For the next load can you report any qualitative gene expression data which does not fit the format described here:
https://sourceforge.net/apps/trac/pombase/wiki/CapturingGeneExpression
i.e
Example Artemis string: /controlled_curation="term=gene expression, RNA level; annotation_extension=during(GO:xxxxxxx); qualifier=increased; evidence=ECO:xxxx; db_xref=; date=YYYYMMDD"
val
in the first field, these are ok:
RNA level
protein level
transcription
translation
RNA degradation
protein degradation
Are any of the things mentioned on the wiki page optional?
For example it says:
Level allowed qualifiers: present, absent, unchanged, increased, decreased, constant
They're allowed but are they mandatory?
Does the annotation have to have an evidence?
What about the Relation, which a guess is in the annotation_extension=? Is the relation optional?
Thanks!
For the annotations I have done nothing is optional :)
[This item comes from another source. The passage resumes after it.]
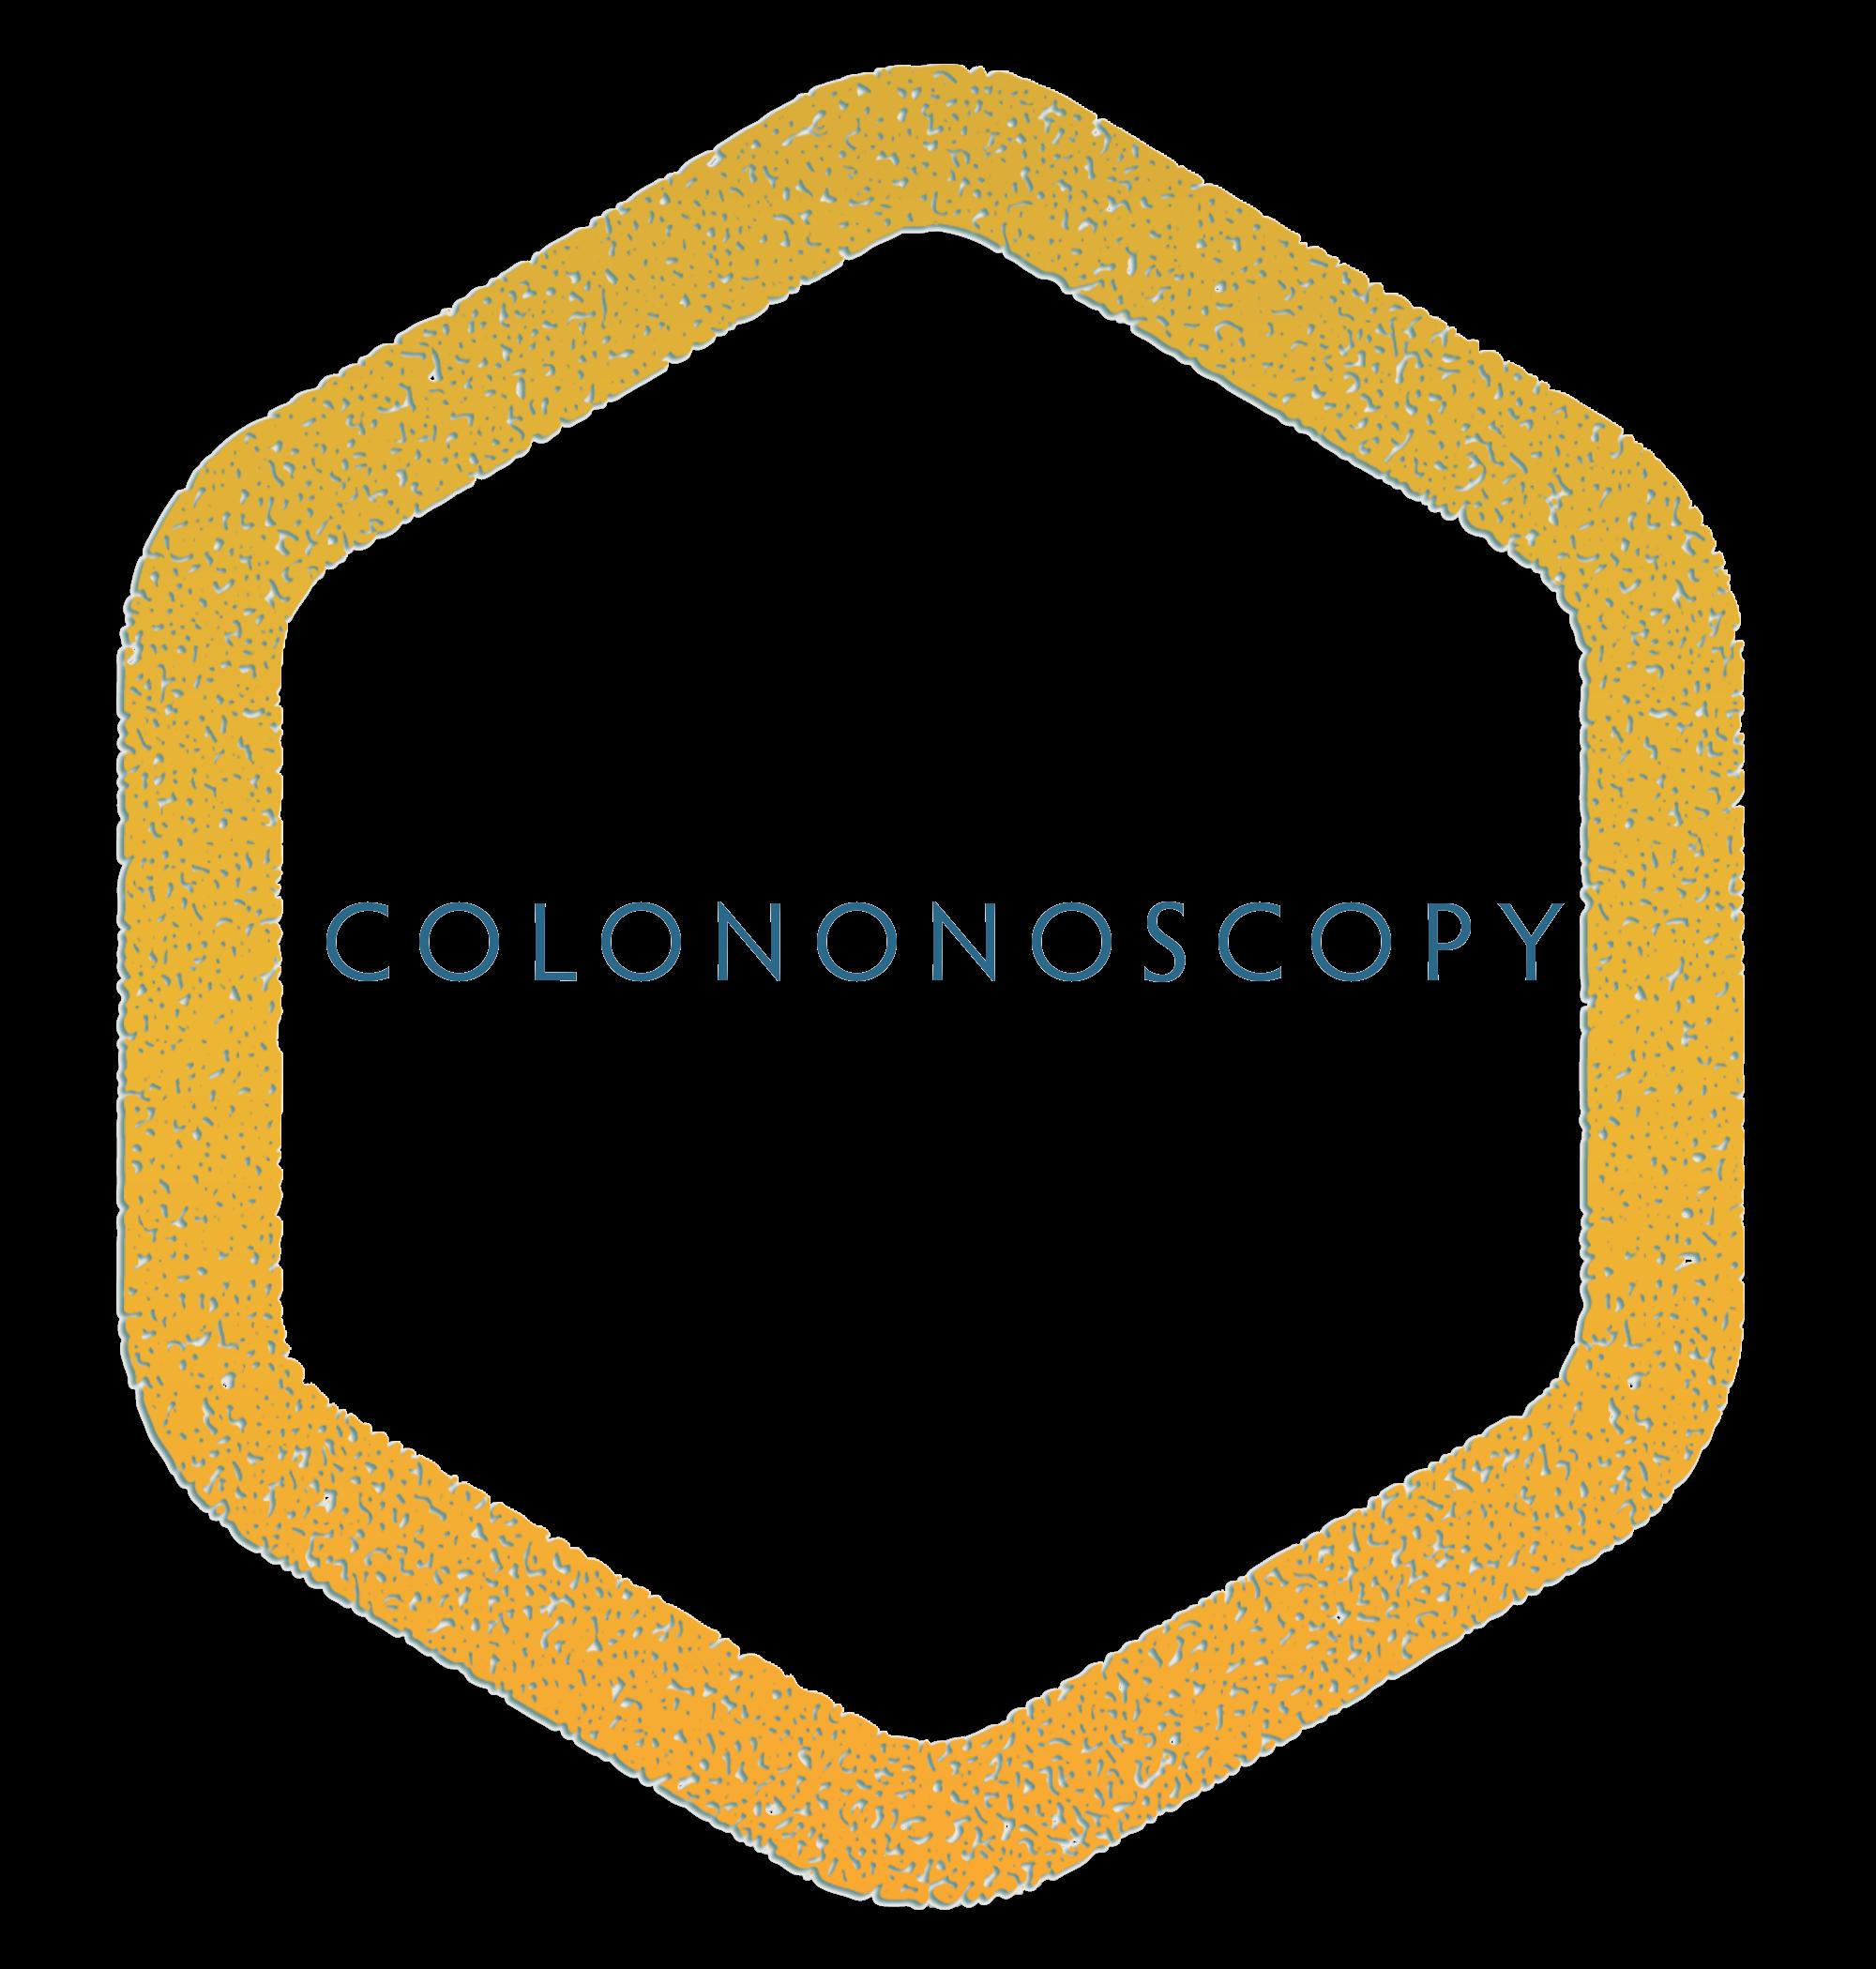 BEVERLY SURGERY CENTER  Colononoscopy _TREATMENT.png

Together they give you the what (protein or rna), the when (during) and the how (increased, decreased etc)
as I wrote on the wiki page:
* Each annotation must consist of these 4 bits of data:
* '''Expression type''' Allowed types: RNA level, protein level, transcription, RNA degradation, translation, protein degradation
* '''Relation''' during(GO biological process ID) or in_presence_of(ChEBI ID)
* '''Level''' allowed qualifiers: present, absent, unchanged, increased, decreased, constant
* '''Evidence''' ECO:xxxxxxx
There are examples in the EMBL files of term names that aren't in Antonia's list. For example "alternative transcripts" here:
Should that be a warning in the log?
Yep, anything which does not fit the RNA/protein syntax should be reported. We will change them. I thought I had done them all, but I think I missed about 30.
(Antonia I changed alternative transcript to "genome organization" for now which already had some info of this type but is not controlled syntax.
Although i just noticed < boobed with this one:
FT /controlled_curation="term=genome organization,
FT alternative transcripts db_xref=PMID:11376151;
FT date=20060605"
(missing ";")
Kim will this appear in the logs?)
I am going to do a global replace and commit for "transcripts db_xref" -> "trancripts; db_xref" but we should capture any missing....
val
There was only one FT /controlled_curation="term=genome organization,
FT alternative transcripts db_xref=PMID:11376151;
FT date=20060605"
...now fixed
but there could be others with different text.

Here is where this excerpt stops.